The PKC-associated Src phosphorylation activity was determined by subjecting the PKC-immunoprecipitated complex to the Src phosphorylation assay using the peptide as a substrate.

Statistical Analysis
For ease of comparison, measurements of kinase activity or protein level in each individual experiment were expressed as a percentage of the average value for the respective control group. Differences among the experimental groups were analyzed using ANOVA. When necessary, post hoc contrasts and Student’s t tests for unpaired data using Bonferroni correction were performed.³⁴ Data are reported as mean±SEM.

Results

PKC and Src Form a Functional Module
Recombinant PKC and GST-Src proteins were used to determine whether PKC and Src were binding partners. GST-Src was found to interact with PKC in vitro (Figure 1). The intensity of interaction between PKC and Src varied with NaCl concentration, indicating that the binding between these two molecules is ionic in nature (Figure 1A, lanes 1 through 3). Next, we determined whether Src colocalizes with PKC in the rabbit myocardium. Western immunoblots for Src revealed that endogenous Src associated with the GST-PKC complex (Figure 1B). Interestingly, the association of Src with the GST-PKC complexes was found to be subcellular location-specific, as only Src from the particulate fraction, and not that from the cytosolic, interacted with the GST-PKC complex (Figure 1B, lanes 8 and 9 and 3 and 4, respectively). To our knowledge, this is the first demonstration that PKC can bind directly to Src.

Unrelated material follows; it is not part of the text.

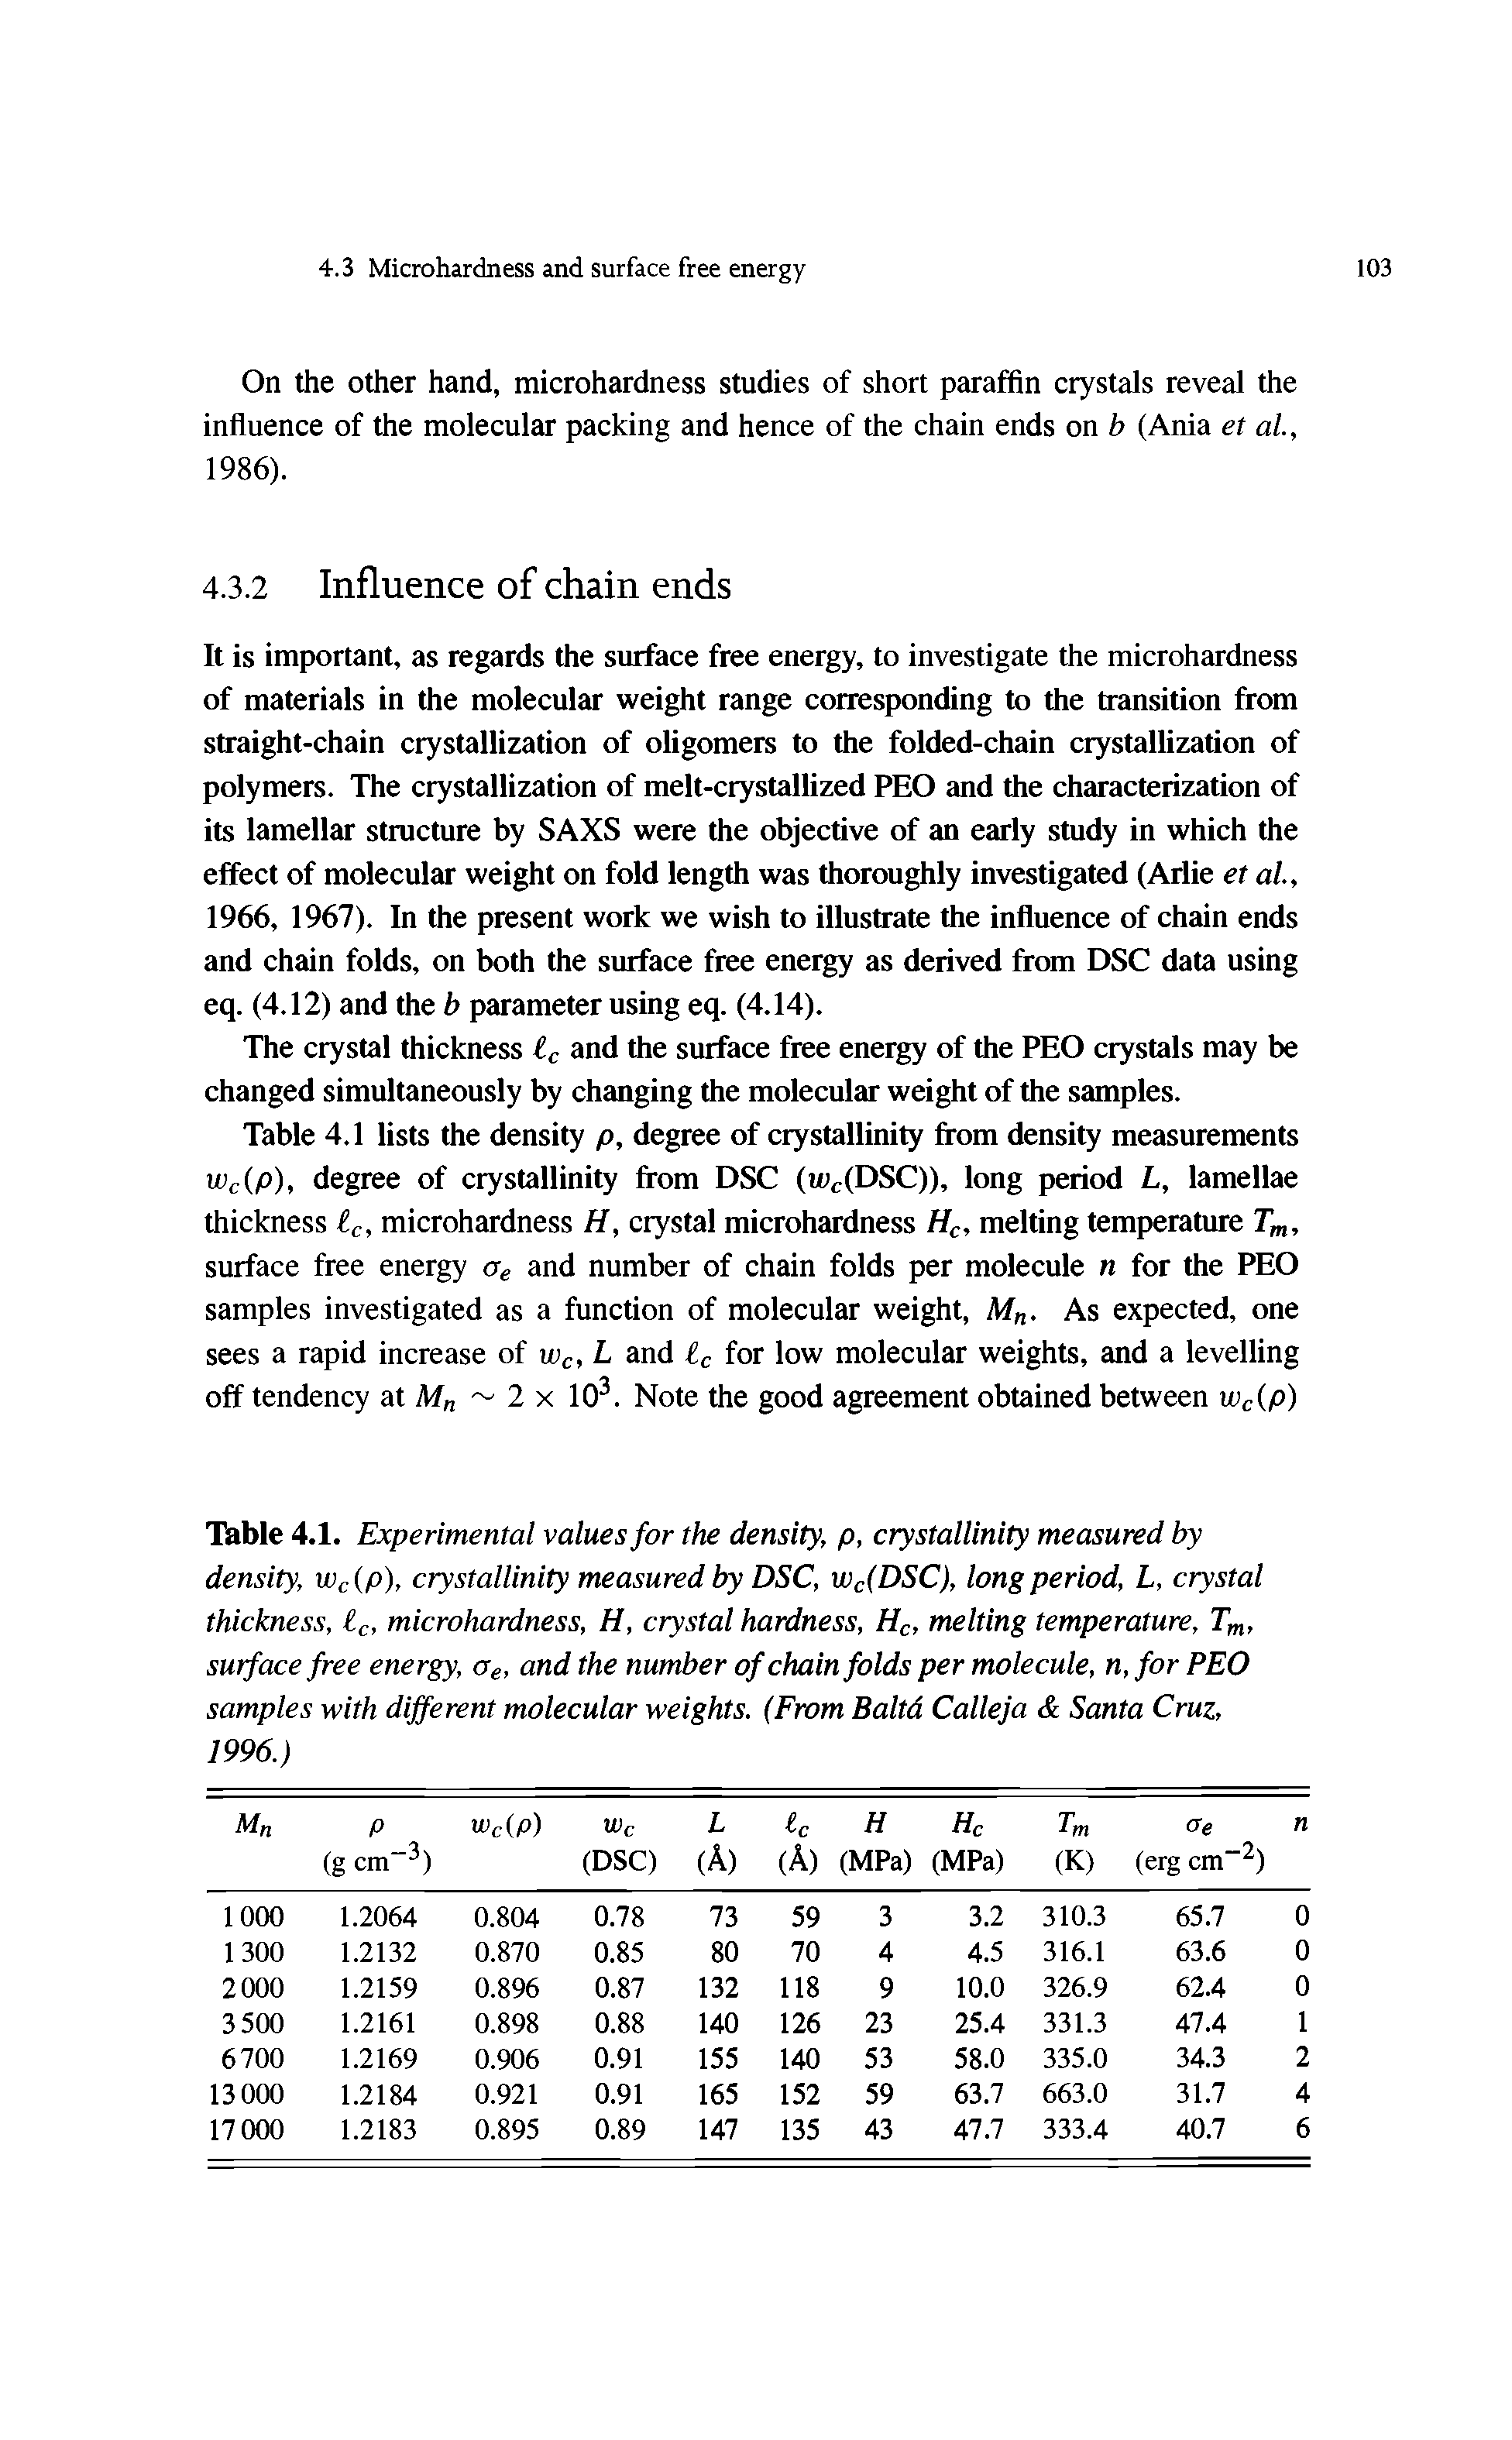 Table 4.1. Experimental values for the density, p, crystallinity measured by density, wdp), crystallinity measured by DSC, Wc(DSC), long period, L, crystal thickness, Ic, microhardness, H, crystal hardness. He, melting temperature, T, surface free energy, Oe, and the number of chain folds per molecule, n, for PEO samples with different molecular weights. (From Baltd Calleja Santa Cruz, 1996.)...

View larger version (20K): [in this window] [in a new window]   Figure 1. In vitro PKC-Src module formation. A, GST-Src proteins were incubated with in vitro–translated/radiolabeled PKC proteins, and GST pull-down assays were performed. Autoradiographic signal showed that PKC associated with GST-Src, and the intensity of binding varied with NaCl concentrations, suggesting the interactions were ionic in nature. Lane 5 is in vitro–translated/[35S]-methionine–labeled PKC (positive control). B, Association between PKC and Src in cardiac tissue. Src from the particulate fraction was shown to interact with GST-PKC (lanes 8 and 9; lane 10 positive control), but Src from the cytosolic fraction did not interact with GST-PKC (lanes 3 and 4; lane 5 positive control), as detected by immunoblotting. C, In vitro–translated/[35S]-methionine–labeled wild-type (WT) Src (lanes 1 and 2, 5 and 6, and 9 and 10) or mutated (MT, Y529F) Src (lanes 3 and 4, 7 and 8, and 11 and 12) were incubated with various amounts of GST-PKC (lane 13, positive control). The Src MT exhibited higher affinity for PKC. D, GST-Src proteins were incubated, in the presence and absence of recombinant PKC, with Src substrate protein, enolase. Autophosphorylation of Src and PKC as well as phosphorylation of enolase by Src was seen (D, blot). As shown in lanes 3 and 4, PKC significantly increases Src phosphorylation of enolase. Next, Src activity was assessed with a peptide substrate in the presence and absence of PKC (D, graph). PKC induced an increase in the phosphorylation activity of GST-Src. E, Adult cardiomyocytes receiving recombinant PKC adenoviruses exhibited increased Src activity, which was blocked by inhibition of either PKC or Src.

To determine whether the conformation of Src affects its binding affinity for PKC, we performed GST pull-down assays using GST-PKC and in vitro–translated wild-type Src and the Y529F mutant Src, which exists in an open conformation (Figure 1C). GST-PKC exhibited stronger binding with the mutant Src than with wild-type Src, a phenomenon that appeared to be concentration-dependent (Figure 1C). These data show that when Src is in its open configuration, it displays higher binding affinity for PKC.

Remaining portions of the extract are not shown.